Convergence of radius of gyration

As a final part of the QA, we calculate the radius of gyration. This measure gives an indication of the shape of the molecule at each time. The radius of gyration compares to the experimentally obtainable hyrdodynamic radius. It can be calculated using g_gyrate. This program will also give the individual components, which correspond to the eigenvalues of the matrix of inertia. This means that the first individual component corresponds to the longest axis of the molecule, while the last corresponds to the smallest. In effect, the three axes give a global indication of the shape of the molecule.
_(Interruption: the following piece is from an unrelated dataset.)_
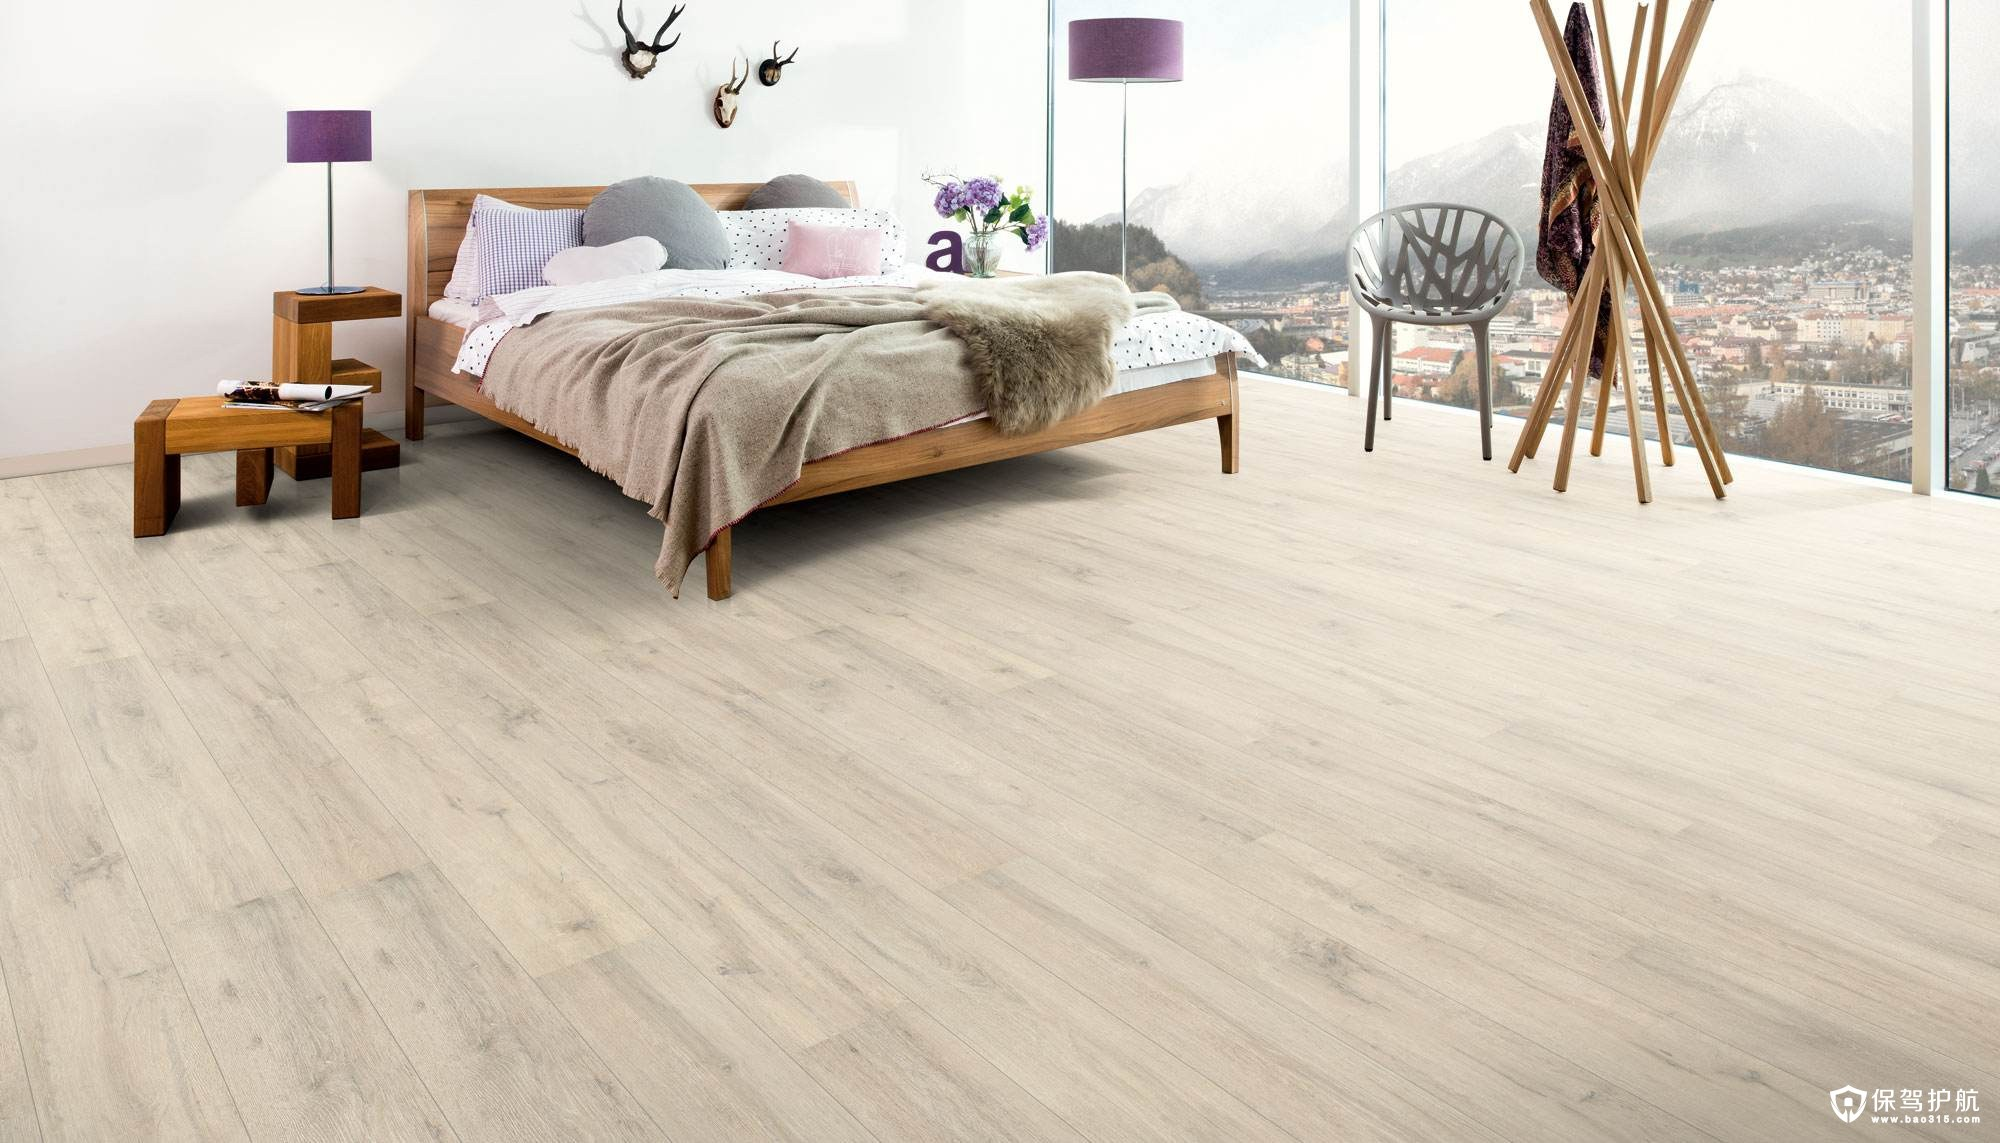 地板都有什么颜色?房间地板选什么颜色好?

Issue the command

g_gyrate -f 1LW9-MD.xtc -s 1LW9-MD.tpr -o radius-of-gyration.xvg

Have a look at the radius of gyration and the individual components and note how each of these progress to an equilibrium value.

Structural analysis: properties derived from configurations

Having assured that the simulation has converged to an equilibrium state, it is time to do some real analysis. Analysis

of simulation data can be divided into several categories. The first category comprises of the interpretation of single configurations according to some metric to obtain a value, or a number of values, for each time point. The RMSD and the radius of gyration are examples. Such properties can be called configurational, dependent or instantaneous properties. Next to that, one can analyze processes in the time domain, e.g. through averaging, as (auto)correlations or fluctutations. In this section, a number of common analyses will be performed, each of which yields a time series of values directly derived from the trajectory (the coordinates over time).
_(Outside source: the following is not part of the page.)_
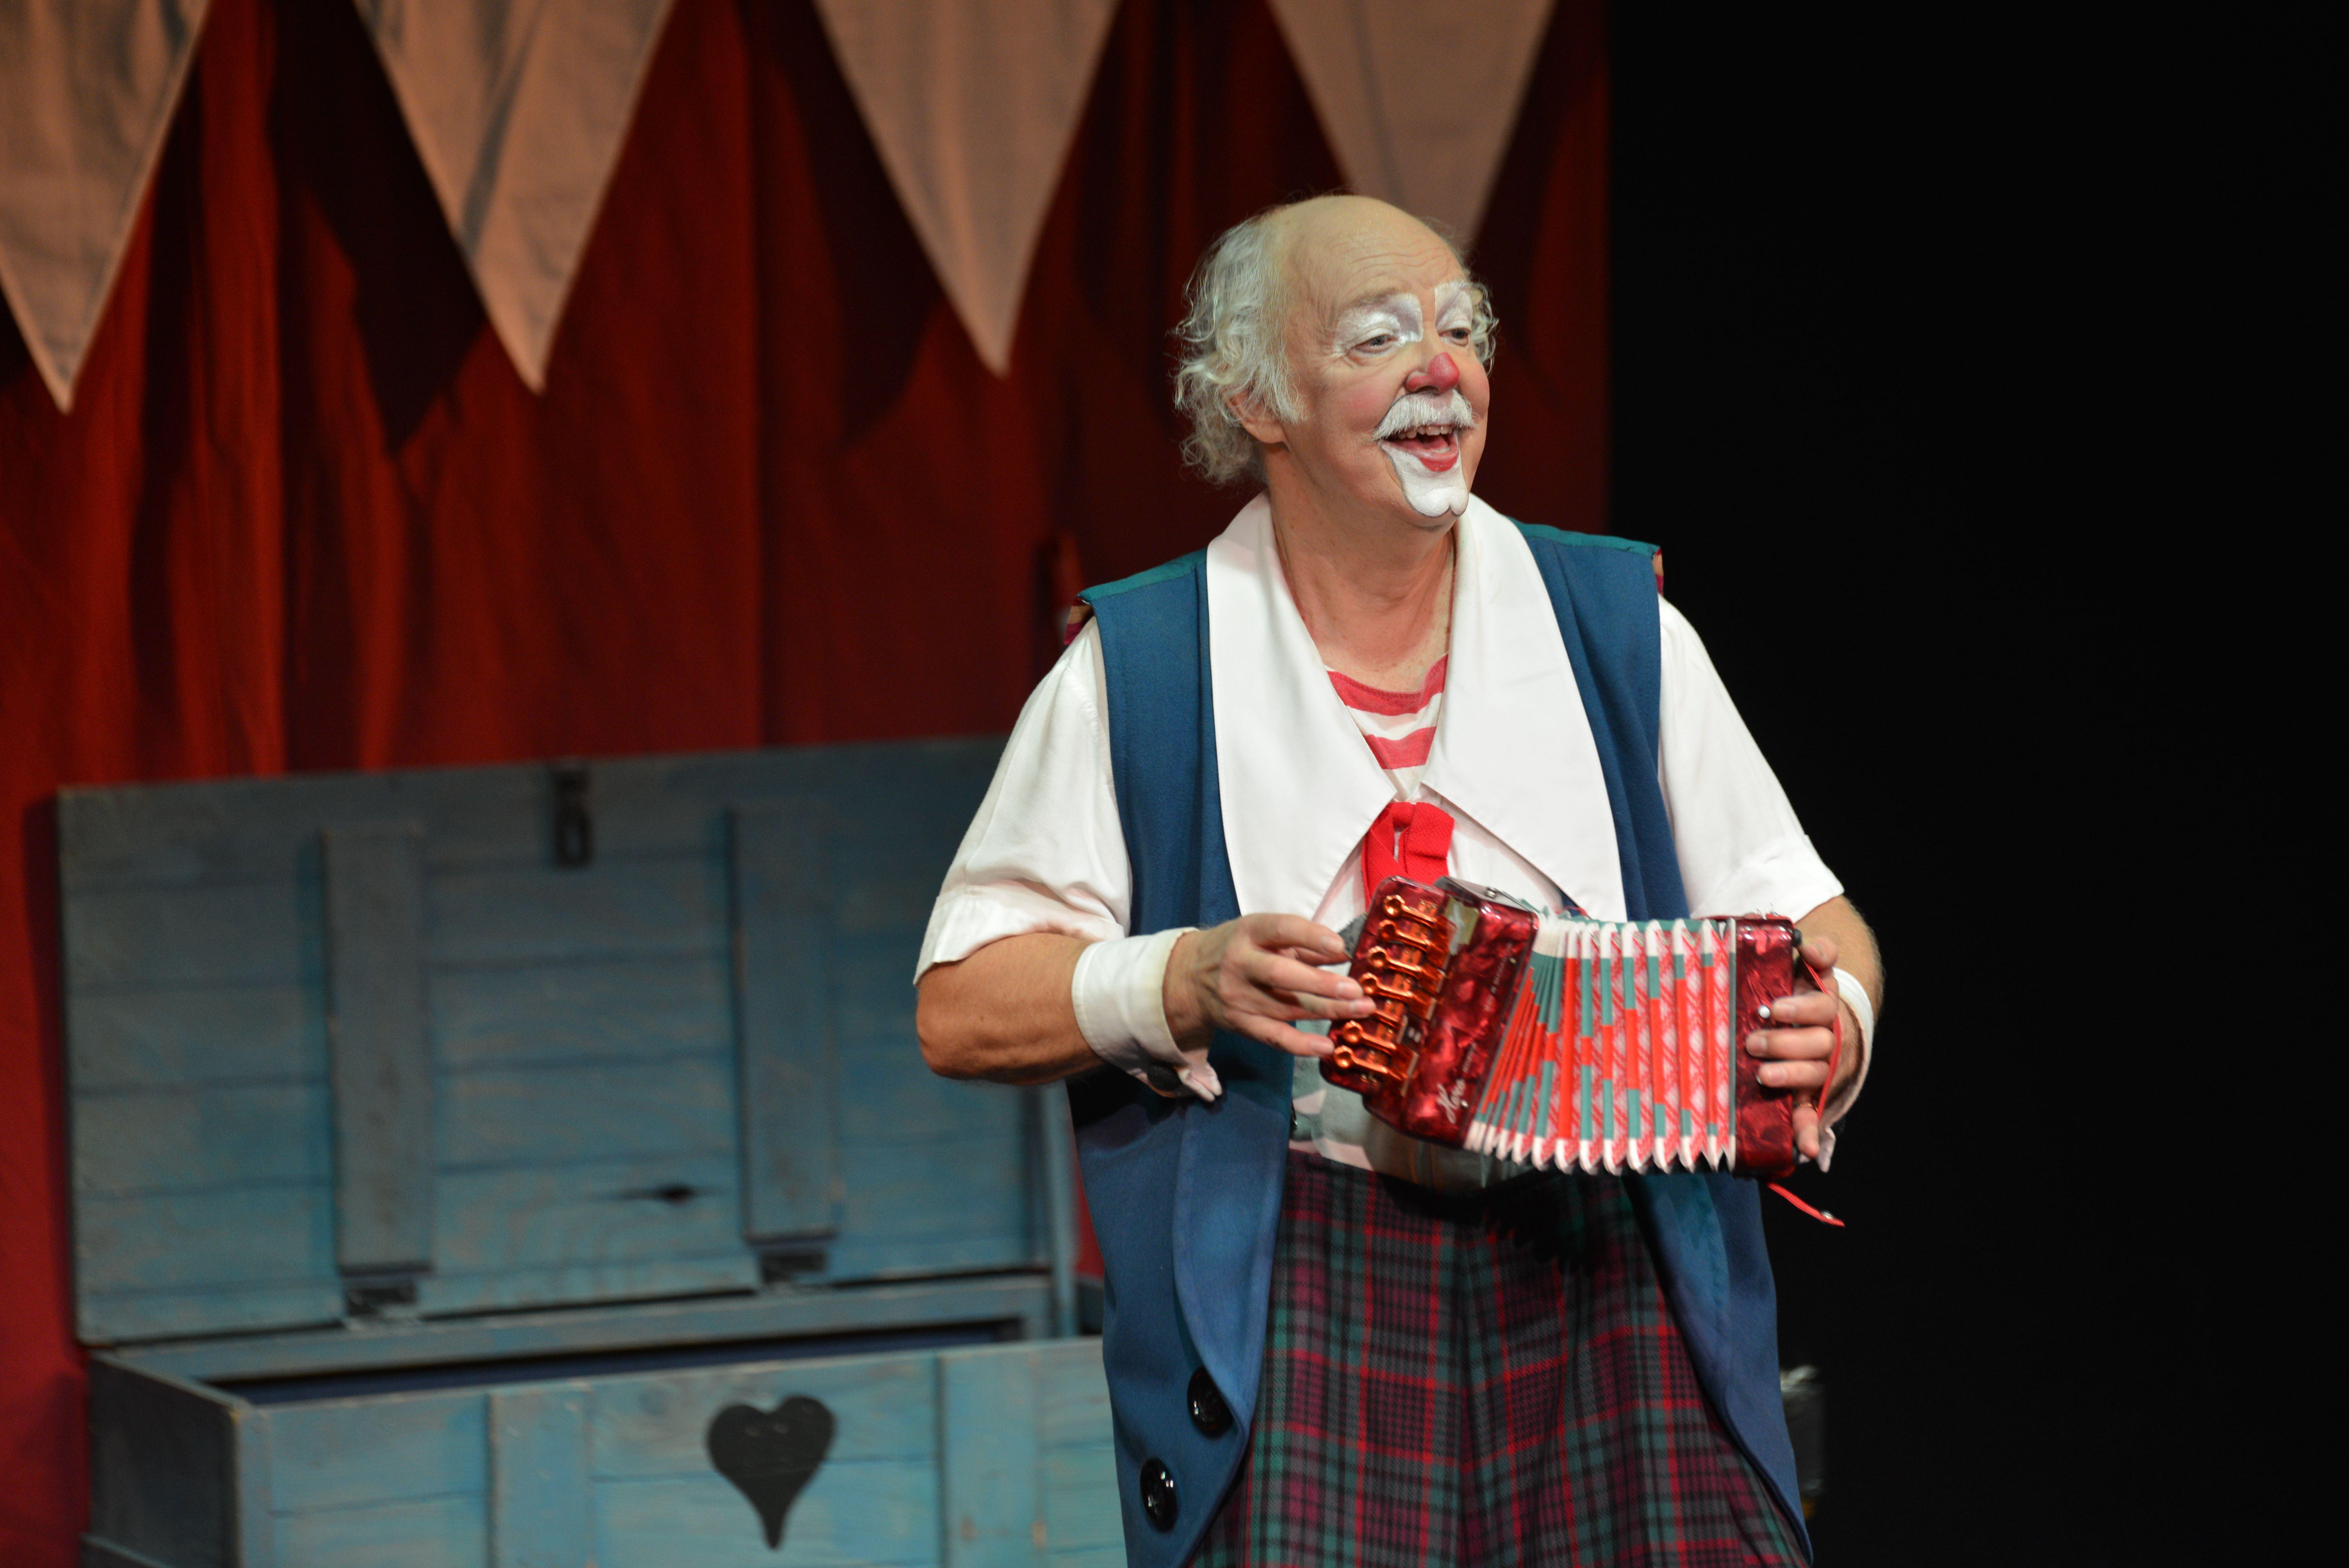 Clownen och cirkusprinsessan - Österåkers bibliotek

Solvent accessible surface area

One property which can be of interest is the surface area of the protein which is accessible to solvent, commonly referred to as the solvent accessible surface (SAS) or the solvent accessible surface area (SASA). This can be further divided into a hydrophilic SAS and a hydrophobic SAS. In addition, the SAS can be used together with some empirical parameters to obtain an estimate for the free energy of solvation. All four of these parameters are calculated by the program g_sas. This program also allows to calculate the average SAS over time per residue and/or per atom. Issue the following command, specifying Protein both for the group to calculate the SAS for and for the output group, and have a look at the output files.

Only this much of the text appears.